Fe-20Mn-2.6Al-2.6Si钢拉伸变形机理研究

采用金相显微镜、X射线衍射仪和透射电子显微镜研究了Fe-20Mn-2.6Al-2.6Si TRIP/TWIP钢在不同变形量下的微观组织变化.结果表明:在应变初期,主要是形成层错和位错;随应变的增大,γ奥氏体相逐渐减少,ε马氏体相和α马氏体相增多;在断裂阶段,主要组成相为α马氏体,即Fe-20Mn-2.6Al-2.6Si钢在拉伸变形过程中主要发生γ→ε→α或γ→α相变诱导塑性变形.金相组织表明:该钢变形量达到6.5%时,开始出现许多平直的条纹(通常称为形变孪晶);但高分辨透射电镜研究表明:不同程度变形后的微观组织都难以观察到形变孪晶,而那些金相组织和低倍透射电镜照片上的平直条纹往往是ε马氏体相,这进一步证实该钢的变形机制主要是TRIP效应.

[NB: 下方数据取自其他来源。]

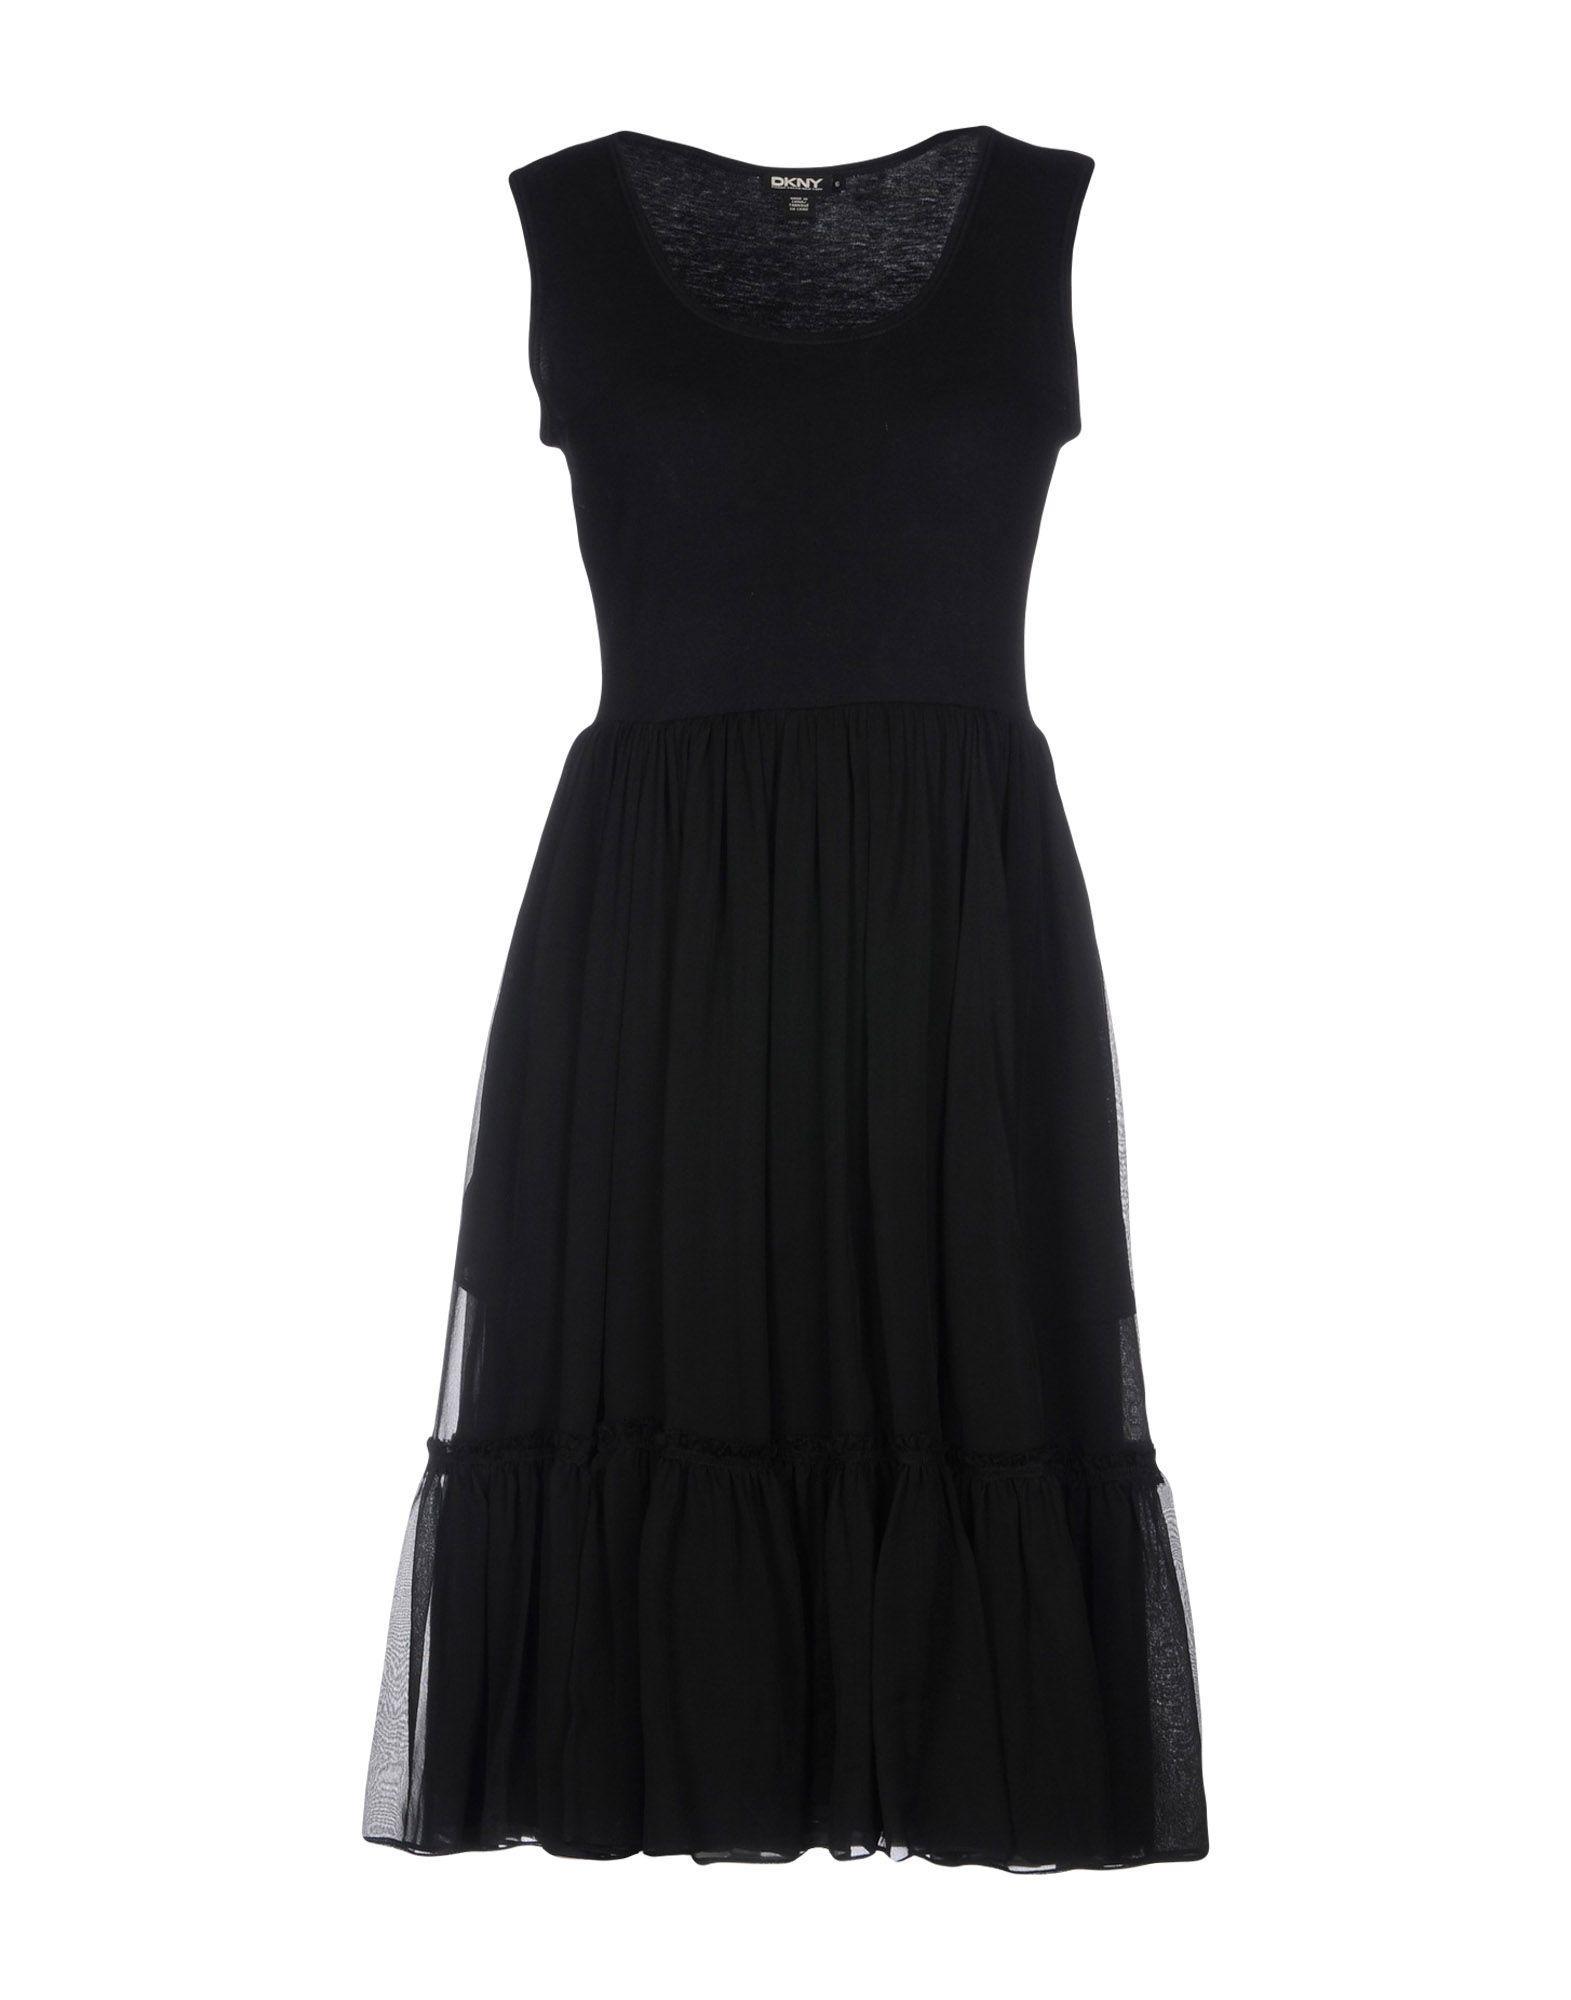 Dkny Knee-length Dress In Black

Tensile Deformation Mechanism of Fe-20Mn-2.6Al-2.6Si Steel

The microstructure evolution of the Fe-20Mn-2.6Al-2.6Si TRIP/TWIP steel with different deformation levels was studied with optical microscopy,X-ray diffraction and transmission electron microscopy.The results indicated that stacking faults and dislocation cells were primarily formed at the initial stage of deformation.The contents of the α martensite and ε martensite were gradually increasing with the strain increasing.At the last stage,the α martensite becomes the main phase.So,the tensile deformation mechanism of the Fe-20Mn-2.6Al-2.6Si steel was the phase transformation inducing the deformation(TRIP).The optical microscopy morphology showed that many lamellas appeared when the deformation level was up to 6.5%,and these lamellas were usually mistaken for deformation twins.But the transmission electron microscope(TEM) analysis indicated that deformation twins were hardly found at any of the deformation levels.Actually,the lamellas observed in the optical microscopy or low magnification TEM images were ε phase,which further confirms that the deformation mechanism of the Fe-20Mn-2.6Al-2.6Si TRIP/TWIP steel was the TRIP mechanism.